Looks like the iQuote product is incompatible with 4.1.4. That's the problem with unsupported Mods. Hopefully the developer will have an update. I've uninstalled the iQuote feature.

BTW, Scott, there's nothing wrong with the Helpful Posts feature.


----------



## Scott1 (Jun 20, 2011)

My thanks... thanks.


----------



## Scottish Lass (Jun 20, 2011)

Glad it wasn't just me! I noticed about a week ago, but I only mentioned it within another topic. I can do whole quote on FF, but not partials, like most of you.


----------



## fishingpipe (Jun 20, 2011)

Same here in both IE and Firefox most recent releases.


----------



## PuritanCovenanter (Jun 20, 2011)

Scottish Lass said:


> Glad it wasn't just me! I noticed about a week ago, but I only mentioned it within another topic. I can do whole quote on FF, but not partials, like most of you.
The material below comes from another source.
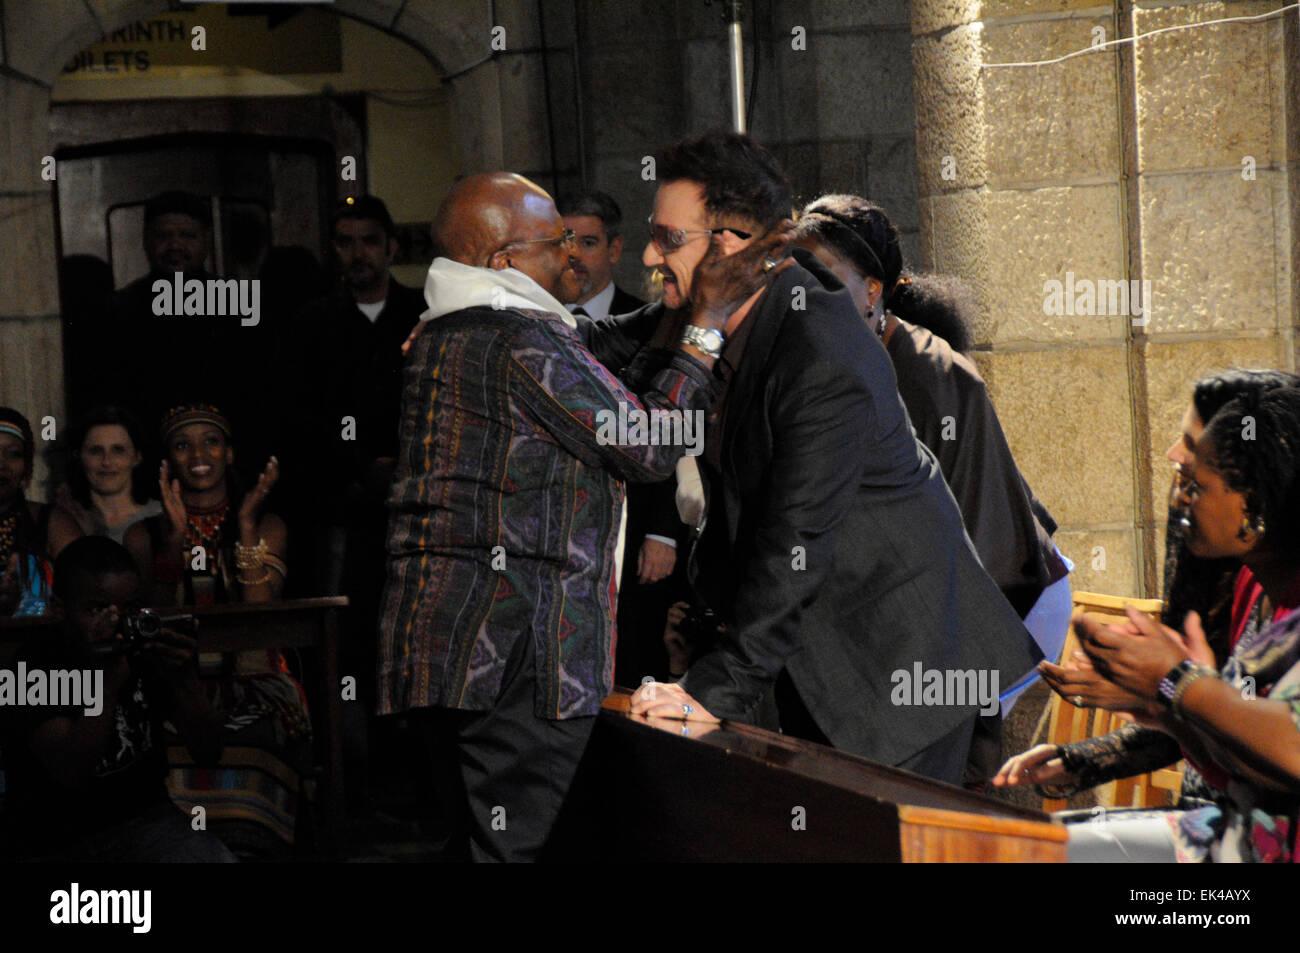 Archbishop Desmond Tutu hugs Irish Rock Star Bono at the book launch of Tutu,The Authorised Portrait during a week - Stock Image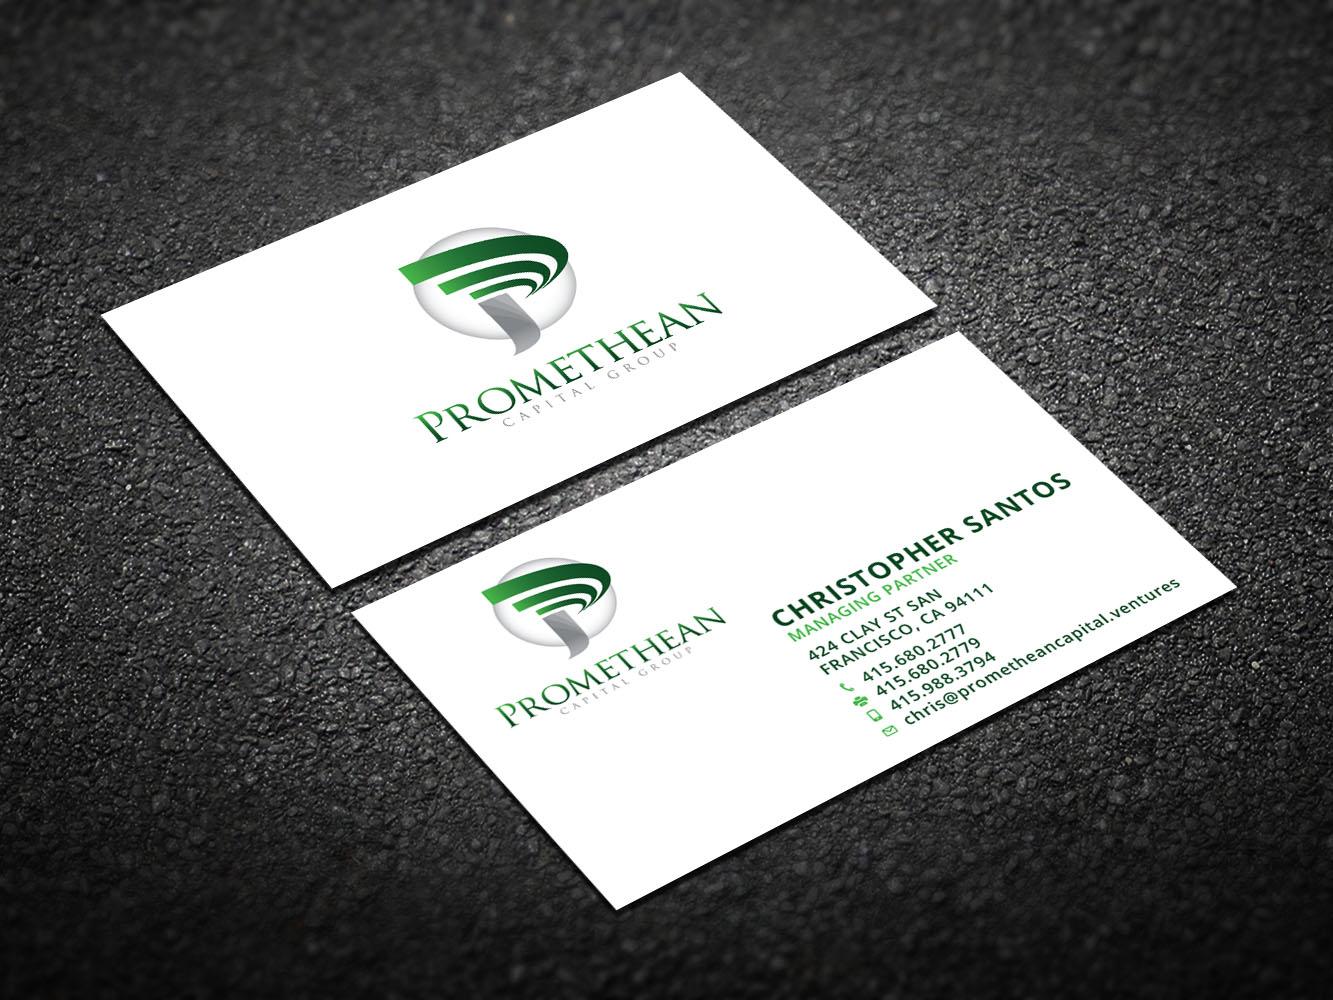 Bold, Modern, Venture Capital Business Card Design for PROMETHEAN ...

I have usually for years just used the quote post function and just deleted the parts that weren't necessary.


----------



## au5t1n (Jun 20, 2011)

PuritanCovenanter said:


> Scottish Lass said:
> 
> 
> > Glad it wasn't just me! I noticed about a week ago, but I only mentioned it within another topic. I can do whole quote on FF, but not partials, like most of you.
> ...



The highlight-and-quote feature sure was a welcome addition to the board, though. Oh well.


----------



## Rufus (Jun 20, 2011)

Copying and Quoting isn't working for me on whatever the latest Firefox is.


----------



## Semper Fidelis (Jul 23, 2011)

iQuote function is working again.


----------



## fredtgreco (Jul 23, 2011)

Semper Fidelis said:


> iQuote function is working again


Rich,

You are a great servant! Even things that are minor and out of (immediate) sight, you remember and take care of. Thank you for all you do.


----------